Also, we’re not going to store passwords and spreadsheets in OneDrive. We’re going to recommend that you store those in a password vault of some kind. There are many products available. We don’t endorse a specific one, but if you have questions, we can talk about that later. But some sort of a password vault so that it’s encrypted, you know, it maybe requires dual-factor authentication to get into your passwords, once again making it more difficult to move laterally.

We wanted to develop an incident response plan. So, obviously, it would be ideal if Mike is not figuring this out for the first time in the council meeting in front of the public. And this is going to be in front of the public really quickly when this happens. It doesn’t really matter. You know, there’s going to be some operational impact that’s going to be perceivable. And so, when that happens, you want to have a plan on what to do, who do you engage, do you have cybersecurity insurance, do they have a response team, would they prefer to take over the situation in order to pay your claim, what do you say to the public or not say to the public, who is going to be the person that is talking to the public?

Um, what from a law enforcement perspective do you need to do? Should you contact the FBI? Do you know who your local field agent is? So, these are all these should be kind of exercise in advance put into a plan, and ideally, we want to test this plan. We want to do drills to pretend like we did today that an attack is happening and see if all of the different things that we put in place help prevent that attack, but then if it didn’t, what do we do operationally as a business to respond to that incident so that we can get back to business as quickly as possible? And a really important one is enrolling your users in cybersecurity awareness training.
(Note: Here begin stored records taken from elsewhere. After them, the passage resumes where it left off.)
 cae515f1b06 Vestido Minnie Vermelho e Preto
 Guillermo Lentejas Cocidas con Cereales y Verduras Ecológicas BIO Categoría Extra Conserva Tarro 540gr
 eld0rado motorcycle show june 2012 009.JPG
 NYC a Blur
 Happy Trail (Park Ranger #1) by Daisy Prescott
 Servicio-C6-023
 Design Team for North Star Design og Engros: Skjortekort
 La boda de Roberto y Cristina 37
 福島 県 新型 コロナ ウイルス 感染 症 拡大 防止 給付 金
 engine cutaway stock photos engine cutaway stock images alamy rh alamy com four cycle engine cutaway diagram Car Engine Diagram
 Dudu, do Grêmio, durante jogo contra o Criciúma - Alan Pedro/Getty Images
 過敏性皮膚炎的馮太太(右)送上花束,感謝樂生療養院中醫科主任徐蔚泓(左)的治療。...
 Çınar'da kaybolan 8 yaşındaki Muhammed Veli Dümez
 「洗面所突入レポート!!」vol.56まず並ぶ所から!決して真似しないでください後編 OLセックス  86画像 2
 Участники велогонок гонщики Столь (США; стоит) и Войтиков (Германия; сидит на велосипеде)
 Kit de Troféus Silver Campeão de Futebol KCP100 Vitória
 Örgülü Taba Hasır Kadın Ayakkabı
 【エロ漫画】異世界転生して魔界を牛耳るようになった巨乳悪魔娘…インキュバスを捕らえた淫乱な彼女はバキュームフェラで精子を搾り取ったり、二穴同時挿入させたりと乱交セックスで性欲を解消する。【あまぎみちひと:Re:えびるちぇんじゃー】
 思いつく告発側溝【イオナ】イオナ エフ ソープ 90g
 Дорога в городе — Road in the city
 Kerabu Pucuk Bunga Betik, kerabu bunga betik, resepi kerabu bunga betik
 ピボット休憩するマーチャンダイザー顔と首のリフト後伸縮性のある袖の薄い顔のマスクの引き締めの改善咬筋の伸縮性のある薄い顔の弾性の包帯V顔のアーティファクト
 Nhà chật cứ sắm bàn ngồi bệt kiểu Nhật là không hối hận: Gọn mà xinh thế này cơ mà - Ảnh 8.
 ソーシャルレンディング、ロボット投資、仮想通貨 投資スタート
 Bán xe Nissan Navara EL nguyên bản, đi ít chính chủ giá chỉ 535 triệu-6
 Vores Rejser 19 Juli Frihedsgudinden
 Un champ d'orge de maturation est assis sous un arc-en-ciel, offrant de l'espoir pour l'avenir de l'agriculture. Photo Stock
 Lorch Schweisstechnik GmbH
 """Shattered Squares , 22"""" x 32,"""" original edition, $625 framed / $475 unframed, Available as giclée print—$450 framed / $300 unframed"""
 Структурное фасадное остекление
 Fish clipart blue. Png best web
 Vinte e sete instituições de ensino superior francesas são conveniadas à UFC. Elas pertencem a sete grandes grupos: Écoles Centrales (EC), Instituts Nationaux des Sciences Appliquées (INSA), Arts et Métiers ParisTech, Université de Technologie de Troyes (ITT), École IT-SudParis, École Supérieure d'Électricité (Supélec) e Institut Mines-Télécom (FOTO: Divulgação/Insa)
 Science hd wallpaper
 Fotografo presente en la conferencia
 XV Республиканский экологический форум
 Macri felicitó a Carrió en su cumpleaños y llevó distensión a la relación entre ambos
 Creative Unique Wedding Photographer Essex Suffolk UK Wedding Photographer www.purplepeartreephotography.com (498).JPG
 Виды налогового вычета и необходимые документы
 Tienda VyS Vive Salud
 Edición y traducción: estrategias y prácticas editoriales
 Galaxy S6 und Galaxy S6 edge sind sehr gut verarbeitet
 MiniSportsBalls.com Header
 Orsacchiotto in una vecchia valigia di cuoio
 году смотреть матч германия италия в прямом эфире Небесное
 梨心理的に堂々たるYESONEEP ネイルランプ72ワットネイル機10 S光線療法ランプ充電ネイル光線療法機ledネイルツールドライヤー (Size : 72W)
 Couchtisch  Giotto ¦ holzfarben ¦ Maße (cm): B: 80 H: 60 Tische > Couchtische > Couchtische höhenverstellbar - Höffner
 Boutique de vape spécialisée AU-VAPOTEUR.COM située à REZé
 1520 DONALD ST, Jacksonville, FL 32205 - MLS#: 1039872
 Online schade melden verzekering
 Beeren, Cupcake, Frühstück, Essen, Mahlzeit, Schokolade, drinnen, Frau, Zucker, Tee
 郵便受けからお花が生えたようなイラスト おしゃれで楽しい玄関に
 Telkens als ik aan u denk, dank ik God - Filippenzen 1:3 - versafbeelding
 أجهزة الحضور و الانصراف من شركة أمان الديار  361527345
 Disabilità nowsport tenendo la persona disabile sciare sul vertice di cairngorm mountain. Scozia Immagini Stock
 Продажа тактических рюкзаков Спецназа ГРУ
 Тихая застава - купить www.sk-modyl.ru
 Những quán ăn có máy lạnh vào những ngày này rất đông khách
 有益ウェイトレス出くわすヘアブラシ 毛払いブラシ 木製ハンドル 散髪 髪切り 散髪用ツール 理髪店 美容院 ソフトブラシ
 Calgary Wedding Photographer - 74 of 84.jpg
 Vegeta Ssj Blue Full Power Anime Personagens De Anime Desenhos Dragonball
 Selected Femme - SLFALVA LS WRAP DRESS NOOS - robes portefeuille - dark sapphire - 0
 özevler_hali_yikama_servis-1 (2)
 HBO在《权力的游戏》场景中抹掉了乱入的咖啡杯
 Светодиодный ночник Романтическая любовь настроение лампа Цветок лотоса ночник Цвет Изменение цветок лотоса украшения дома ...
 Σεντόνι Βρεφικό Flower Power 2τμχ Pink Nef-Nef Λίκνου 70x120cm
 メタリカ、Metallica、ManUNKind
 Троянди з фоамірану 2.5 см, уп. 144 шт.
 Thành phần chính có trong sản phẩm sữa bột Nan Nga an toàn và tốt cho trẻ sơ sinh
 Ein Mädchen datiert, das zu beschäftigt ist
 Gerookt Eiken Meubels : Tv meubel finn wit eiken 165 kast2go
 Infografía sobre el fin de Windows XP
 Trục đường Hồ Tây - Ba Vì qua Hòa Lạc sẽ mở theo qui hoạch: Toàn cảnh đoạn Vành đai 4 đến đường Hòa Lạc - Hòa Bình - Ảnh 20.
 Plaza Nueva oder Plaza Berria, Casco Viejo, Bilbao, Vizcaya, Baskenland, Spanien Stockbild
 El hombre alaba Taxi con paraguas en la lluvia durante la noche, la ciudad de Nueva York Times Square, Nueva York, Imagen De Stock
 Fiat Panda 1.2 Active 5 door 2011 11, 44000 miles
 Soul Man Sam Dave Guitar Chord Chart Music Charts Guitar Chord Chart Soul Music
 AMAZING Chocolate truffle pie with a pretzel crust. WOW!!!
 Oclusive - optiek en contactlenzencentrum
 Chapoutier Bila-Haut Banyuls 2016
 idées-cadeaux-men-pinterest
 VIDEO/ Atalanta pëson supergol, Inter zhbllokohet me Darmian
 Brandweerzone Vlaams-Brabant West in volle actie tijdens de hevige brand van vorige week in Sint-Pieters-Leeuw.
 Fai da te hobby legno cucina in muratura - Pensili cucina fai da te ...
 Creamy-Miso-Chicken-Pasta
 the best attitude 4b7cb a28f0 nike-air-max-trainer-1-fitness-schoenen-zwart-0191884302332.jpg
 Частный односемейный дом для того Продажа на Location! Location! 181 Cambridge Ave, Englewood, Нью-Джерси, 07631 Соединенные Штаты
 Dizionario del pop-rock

So, your people are the best line of defense. You have a human being able to detect phishing when it’s happening, or MFA prompts that they didn’t initiate or what have you. They are going to help reduce the likelihood of an attack significantly, and there are great programs available for you to train your staff. It’s well worth it. I think I got one more. Okay, so consider an assessment. A lot of people kind of assume, “Hey, I’ve got a technology provider, I’ve got an IT guy, he patches my stuff, you know, we’re good, right?” And maybe, right? We professionally do assessments to help you understand, in terms that you can see, whether your environment is up to snuff or not, if you have problems that you need to address, risks that you need to address, and also which ones you should do first because there could be a multitude of things that need done. So, don’t let it be a mystery. Dig into it, educate yourself, figure out what you can do better, and that’s going to help reduce your risk a ton. And if you want to go into the next slide, Mike, we can talk about what these assessments look like. We follow a standard methodology. It’s developed by the Center for Internet Security. We mentioned this, one of their entities earlier. They support governments during elections, the MS-ISACs. So, CIS is an active member of the sled space, and that’s part of the reason that we chose the Center for Internet Security as our partner. And we do a standard framework assessment that gets scored by a bunch of different controls. It’s best practices that are taken from the membership which, once again, they’re heavily represented by government institutions.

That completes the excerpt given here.